Together Frida Kahlo and Diego Rivera’s representation of everyday life in Mexico introduced an aspect of Mexican and Aztec culture to generations. But here in this grand space I quietly reflect on “”Dream of a Sunday afternoon in the Alameda Central”. where you see the child Diego with Frida the mother accompanying La Calavara Catrina.

The Blue House

In the Colonia del Carmen area of the Coyoacán borough of Mexico City, lies a striking blue house in a residential neighbourhood, once also the home of Salvador Novo, Octavio Paz, Mario Moreno, Leon Trostsky and Dolores del Río. Now the Frida Kahlo museum, this is the house where Kahlo grew up and where she eventually died. 

Walking through the house and gardens you see her elaborate clothing designed to bind her broken spine, the tiny beds, the chair which held her broken body all that look more like instruments of torture than clothing and furniture that belong in a childhood home. 

As we were there throughout much of the city during the month of October, there was a magnificent “ofrenda”, the altar that is built to pay tribute to the dead. You also see the peaceful gardens, the humble kitchen, and all throughout the voice of Frida and Diego in small gestures throughout the garden. The creation of the museum is the work of Rivera, who after her death assembled unseen pieces of their work, the museum was only to be opened to the public after his death.

The Studio

15 minutes away in the neighborhood of San Angel lies another Casa Azul – the  twin house Kahlo shared with Rivera through most of her life, and where he lived after she moved back to her child hood home.  The twin houses – sit side by side joined by a bridge where she would bring him his meals that she would cook in the tiny kitchen in her house. His by contrast only contained his bedroom and a massive studio.

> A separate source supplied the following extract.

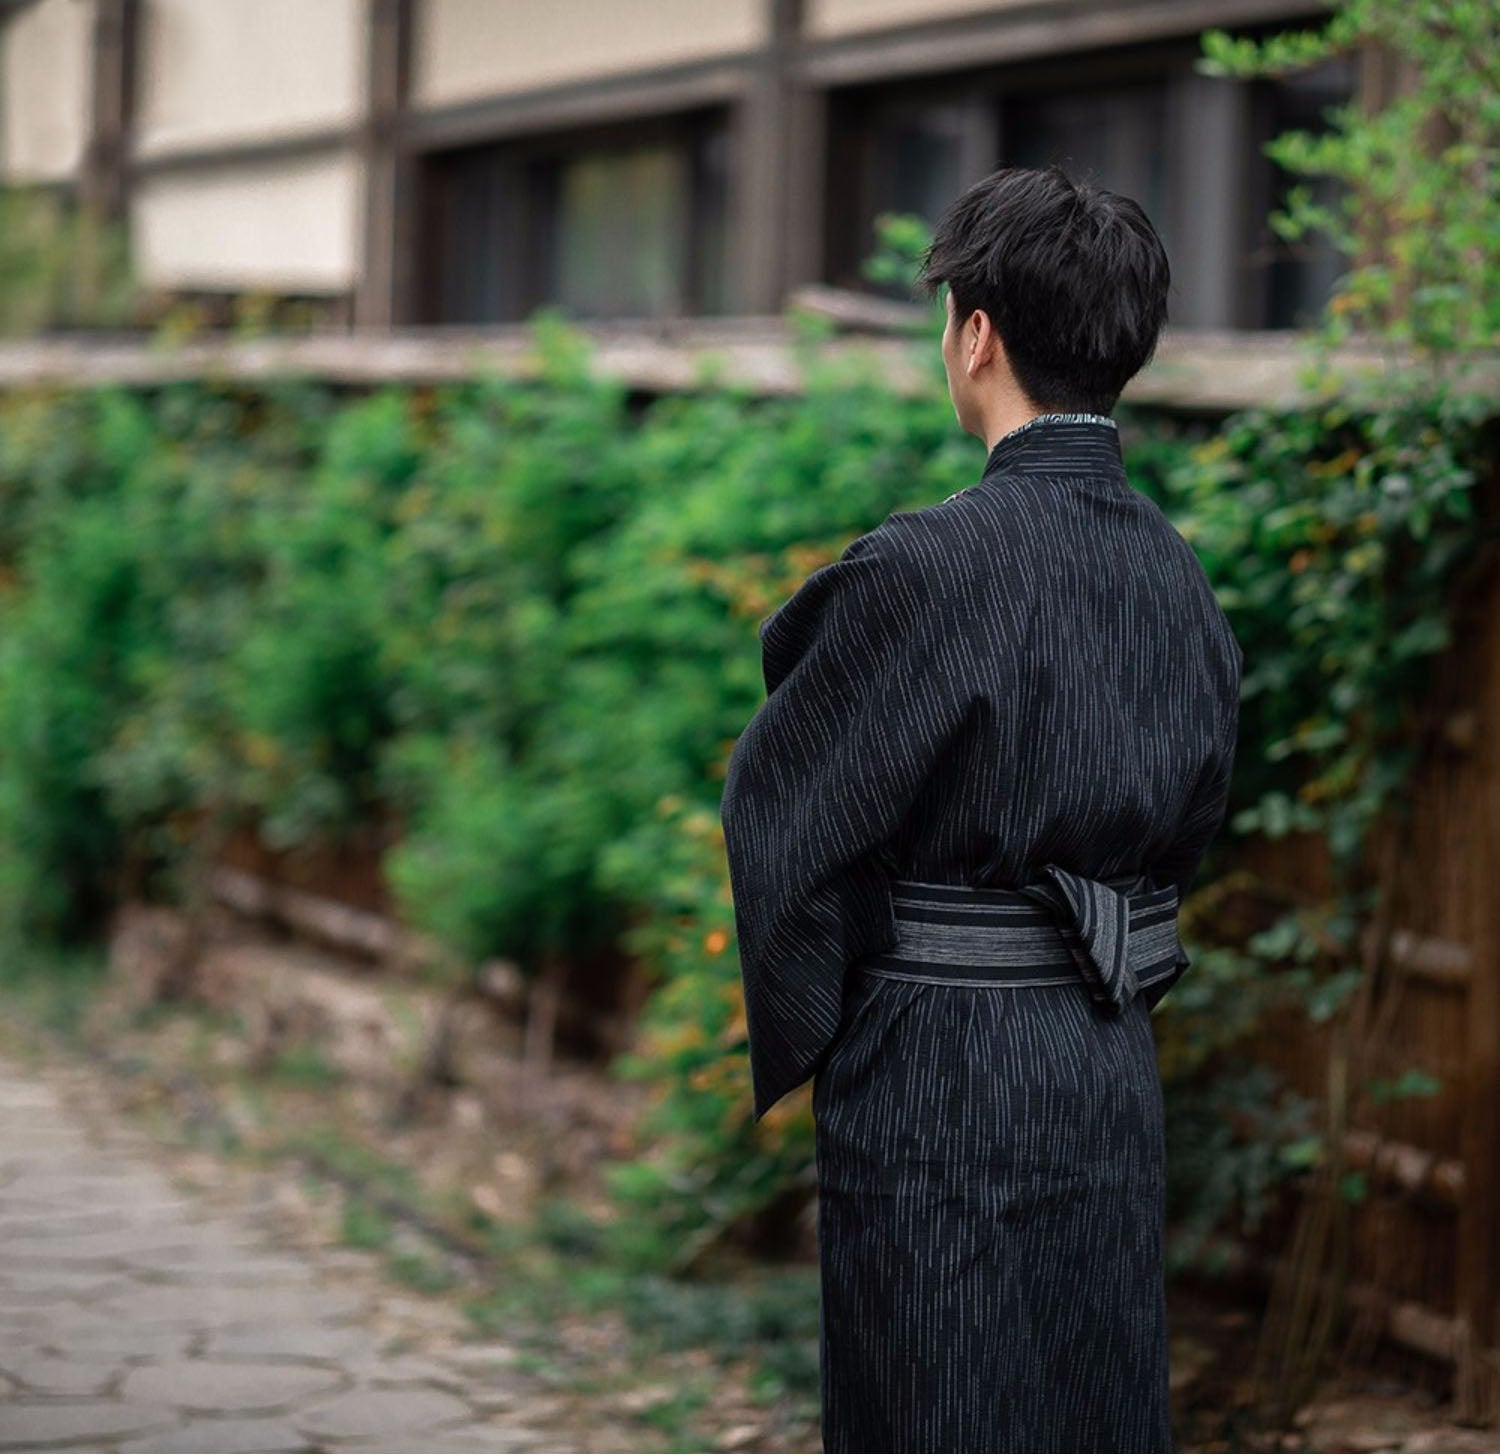 Japanese Yukata big wave design for men summer kimono cloth

The studio windows ran floor to double height ceiling and fully opened up to the garden below and opened up completely flooding the space with light and allowing his pieces to be moved through the window instead of through the door of the house. This housed his archeaological collection and the works in progress that he would create, larger than life like the man himself. After Kahlo’s death, Rivera had her ashes placed in an urn in his home. In the end this giant of a man was broken by the force of nature of the tiny Frida. “I love you more than my own skin, more than my own heart, more than my own soul,” he writes. There he lived till he died in 1957.

FRIDA KAHLO EVERYWHERE

“I’m Frida Kahlo, and you’re my Diego.” – Madonna in the song “Hung Up”

60 years after her death, Frida Kahlo’s image, her personal brand, is perhaps greater than ever. she has been referenced by artists, musicians, and writers. From the movie, “Frida” where she is played by Salma Hayek, the fashion brand Rodarte with their Frida Kahlo-inspired clothing collections, the cosmetics company MAC with their Frida Kahlo-inspired makeup collections, Frida Kahlo, the icon lives on. She has even been the subject of a Barbie doll.

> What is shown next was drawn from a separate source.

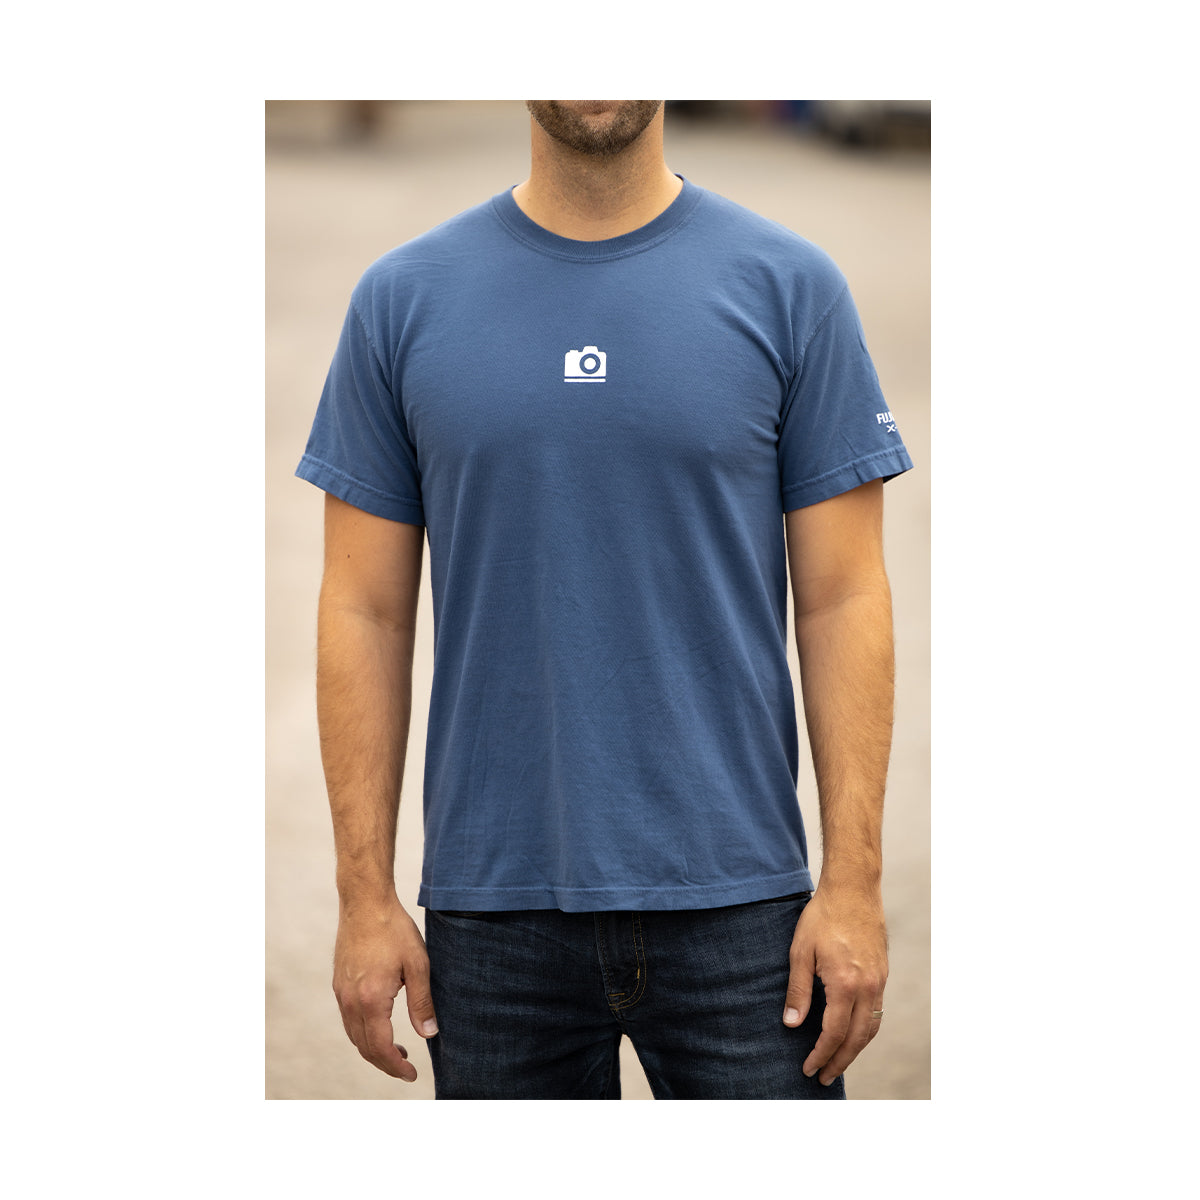 pictureline Apparel: Spring 2020 Short Sleeve Shirt Extra Large (Blue)

And all over the world in our travels and our own personal lives, we see her – on the streets of Tel Aviv, in a restaurant in Galway, in the alleys of Tropea, all over Mexico. We manifest her at the Voodoo Festival in New Orleans, my sisters wedding in Puerto Vallarta, a mourning for a friends passing at Dia de los Muertos in Oaxaca. Her paintings may be the riot of colors unleashing pain, the long dresses covering up the braces, but its the flowers and the brow intertwined with the image of this powerful woman – a manifestation of personal expression and triumph in the face of extreme adversity, Frida the muse is forever imprinted in our minds.